BRIAN SCIARETTA - Tuesday, April 2, 2013
After being drawn into a group with Spain, Ghana, and France for the U20-World Cup, U.S. captain Caleb Stanko is confident in his team's ability to compete against the world's strongest nations.

Stanko, 19, was named team captain by coach Tab Ramos before last month's qualifying tournament. With the team thin in central defense, Stanko was forced to play out of position in the backline where he performed admirably.

Normally a central midfielder, Stanko has been a consistent presence in nearly every U-20 camp this cycle despite lacking experience with U.S. youth national teams at younger levels. Over the past year, Stanko has impressed Ramos to the point where he is a key starter for the U-20 team and his versatility to play several positions has helped the team throughout the cycle.
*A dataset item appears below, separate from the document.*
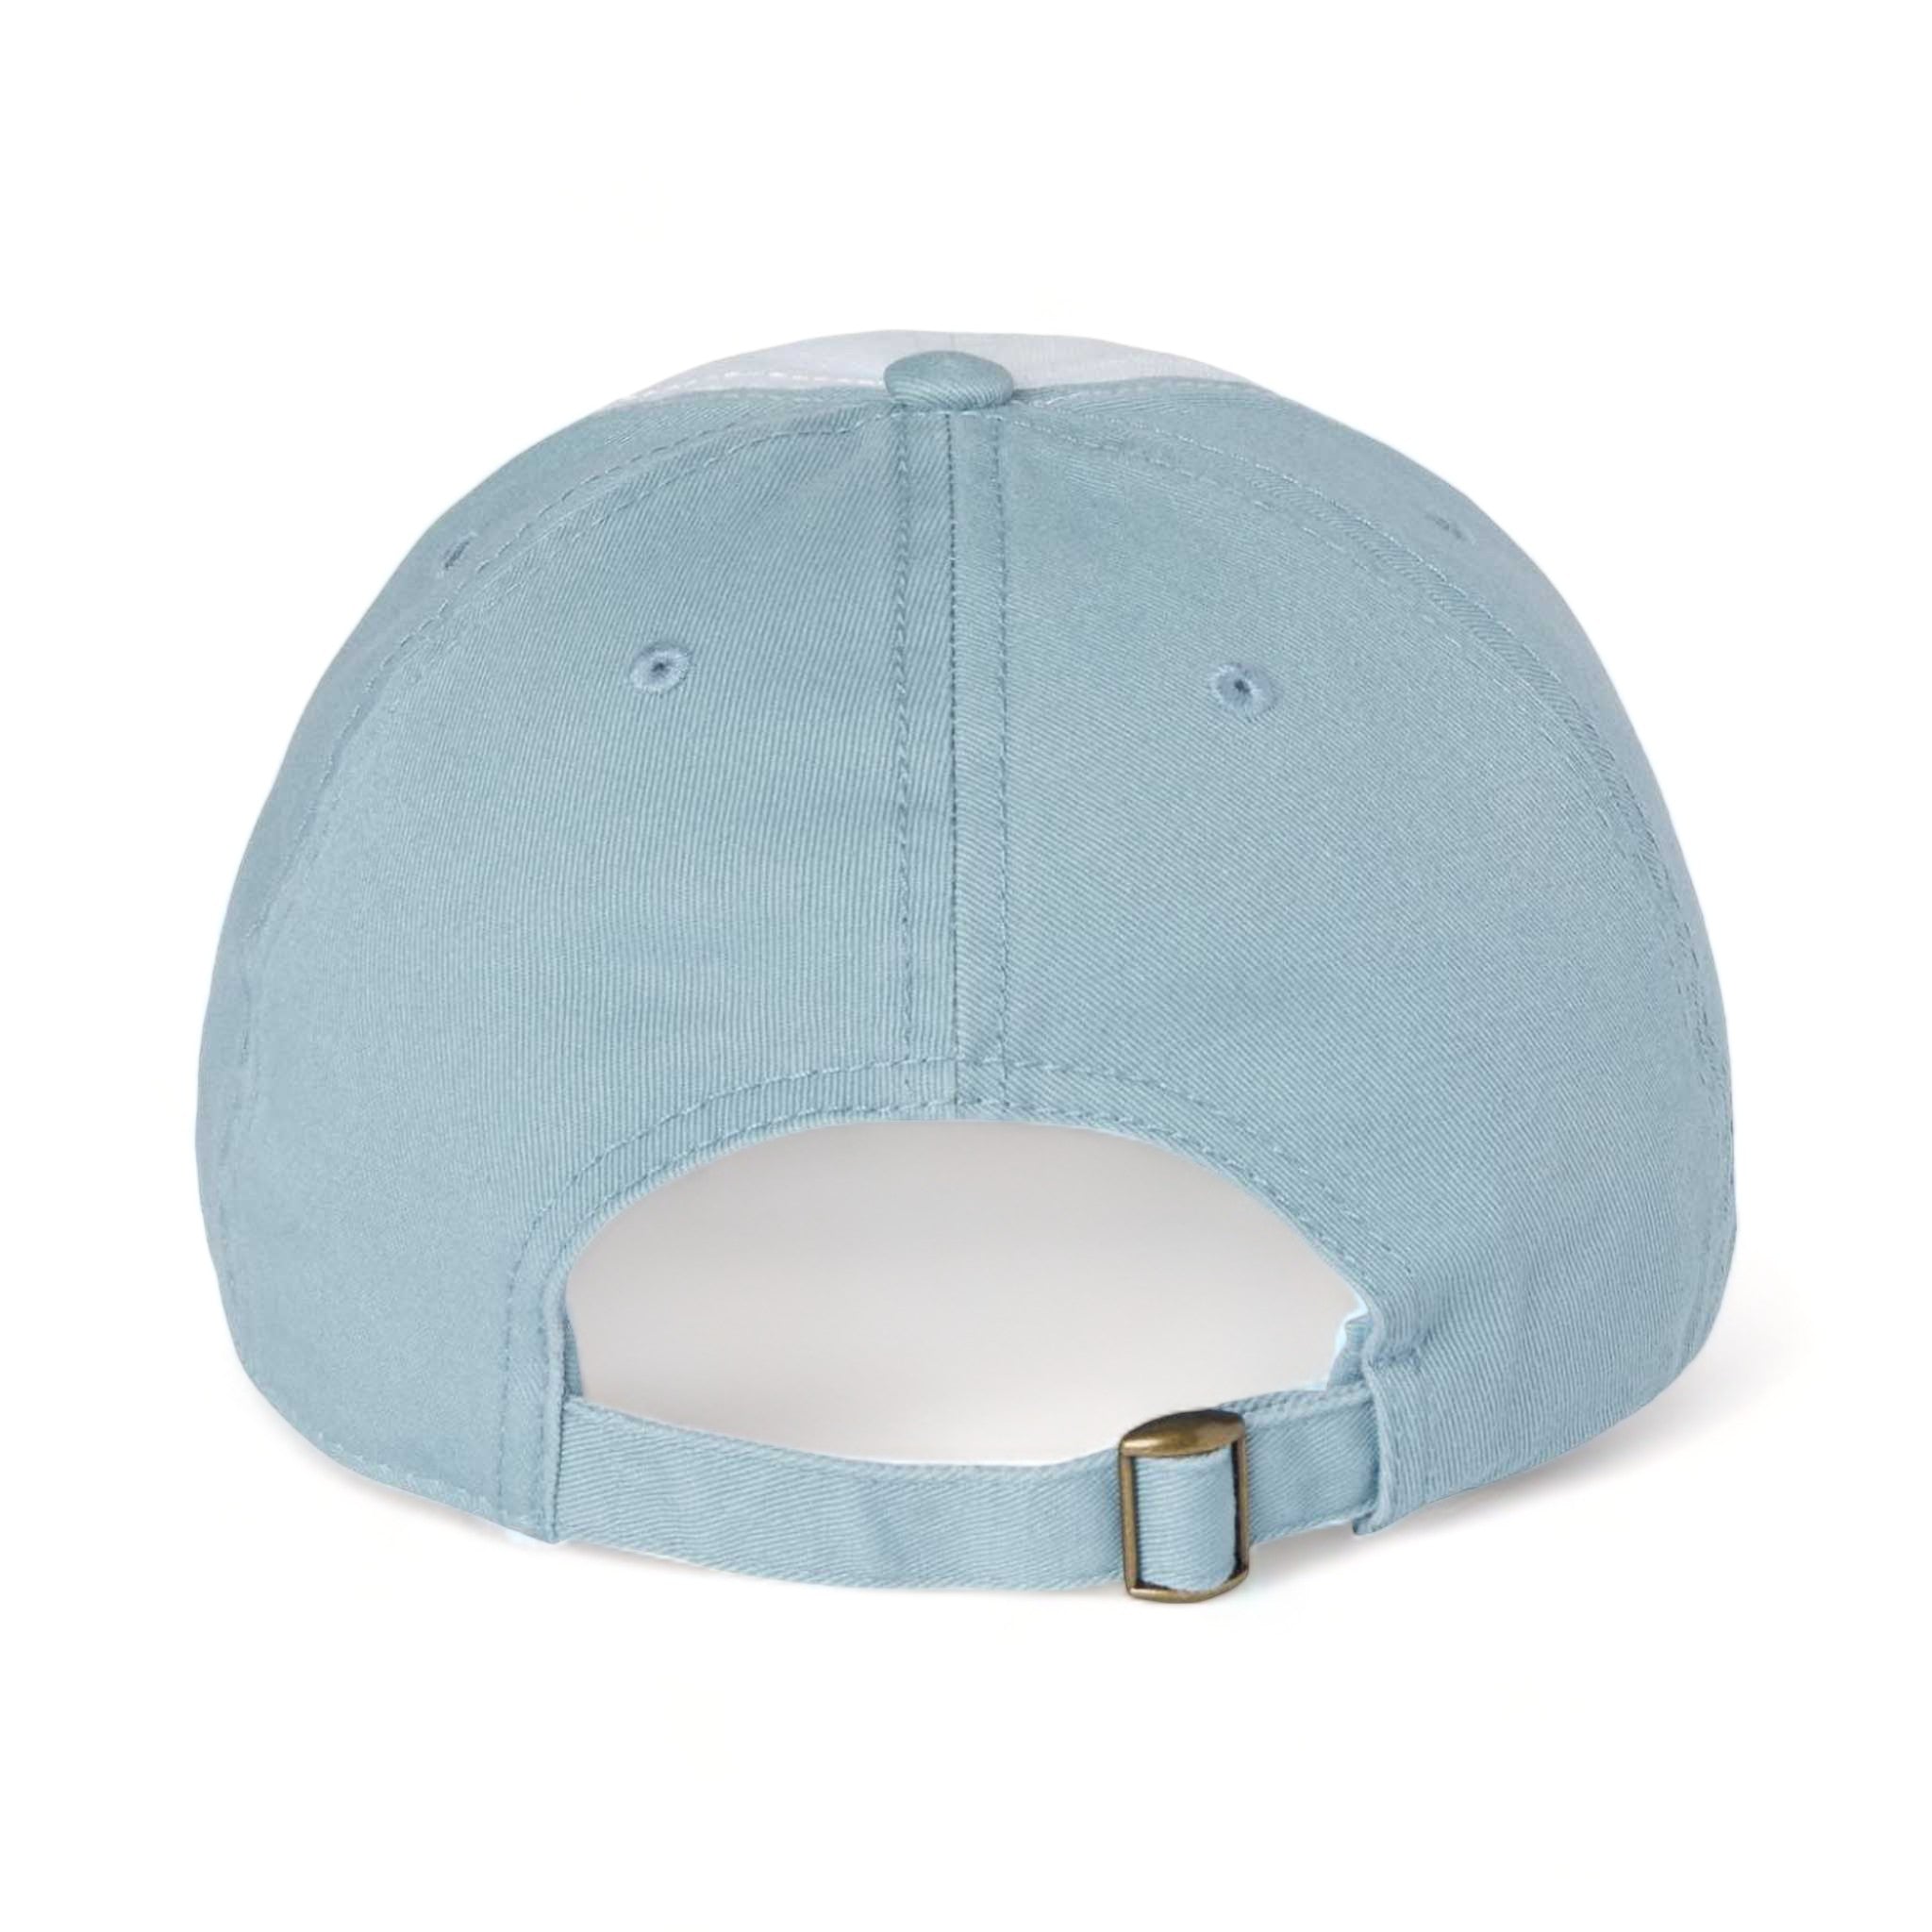 Back view of CAP AMERICA i1002 custom hat in white and smoke blue

"The qualifiers in Mexico were incredible for me since it was my first time with the U.S. in an actual competition," Stanko told YA. "It was great to see the guys become more of a team as the tournament went on, and much of our success can be attributed to the progression of the team chemistry during the tournament. I think we realized that it is going to take being a team in order to be successful in the long run."

Stanko left the U.S. team to return to his club, SC Freiburg, after a 4-2 win over Canada in the quarterfinals secured qualification to this summer's U-20 World Cup in Turkey. Last Monday he watched the U-20 World Cup draw and watched as the U.S. team was placed into Group A with France, Spain, and Ghana.

The draw instantly had many people labeling Group A as the tournament's "Group of Death." The tournament's format is forgiving as the top four third place teams also advance from group play. Not to mention as the underdog, the U.S. team could rise to the occasion.

It wouldn't be the first time either. At the 2005 U-20 World Cup, the U.S team finished first in its group over Germany, Egypt, and an Argentina team that feavtured Lionel Messi. In 2007, it finished first ahead of South Korea, Poland, and a Brazilian team anchored by Alexandre Pato.

This U.S. team has a similarly difficult draw at its World Cup but Stanko is excited for the team's potential against two countries known for producing the best young talent in Europe.

"Both teams are experienced, but I am excited that we get the opportunity to play against some of the best teams and players in the world," Stanko said. "They will be very difficult games for us because of the quality of the teams, but what game in the world cup is going to be easy? That being said, I think the "underdog" factor will play a big part in our games. I believe in this team and the character we have to overcome adversity, as well as we have many talented guys, which will also shock the teams we play."

In not certain yet of Stanko will be the U.S captain again for the World Cup but does appear to be likely given the leadership role he has taken within the team. When he was presented with the armband for the qualifying tournament, it was an honor for the Michigan native.

Stanko considered the armband an important responsibility of representing both the current team and the history of what American soccer has come to represent internationally.

"Being named team captain was such an honor, of course," Stanko explained. "I don't know if I would say I was surprised because no matter what happened I was going to try and be an example through my work ethic, encouragement and instructing on the field. The U.S. captain's armband represents the past leaders and pioneers for American soccer internationally. Without their hard work and effort, U.S. Soccer would not be what it is today."

The past year has also seen Stanko continue to progress at SC Freiburg. When he joined the club in 2011, he began to play with its A-Junioren or U-19 team and last year helped the club win the German A-Junoren Cup with a win over Hertha Berlin in the final.

This year Stanko has progressed and has been able to earn time with Freiburg's U-23 team. The transition has been a challenge for Stanko but he feels that the increased competition for playing time has made him a better player.

"This year is very different compared to last year," Stanko concluded. "The U-23 team has many quality players, maybe even too many, competing for playing time. I have been working hard this season, but it has been a difficult year for many of the younger players on our team. I have been fortunate enough to play in several games this season at different positions. One advantage to having a team with many quality players is my development has increased because of the quality and intensity of trainings."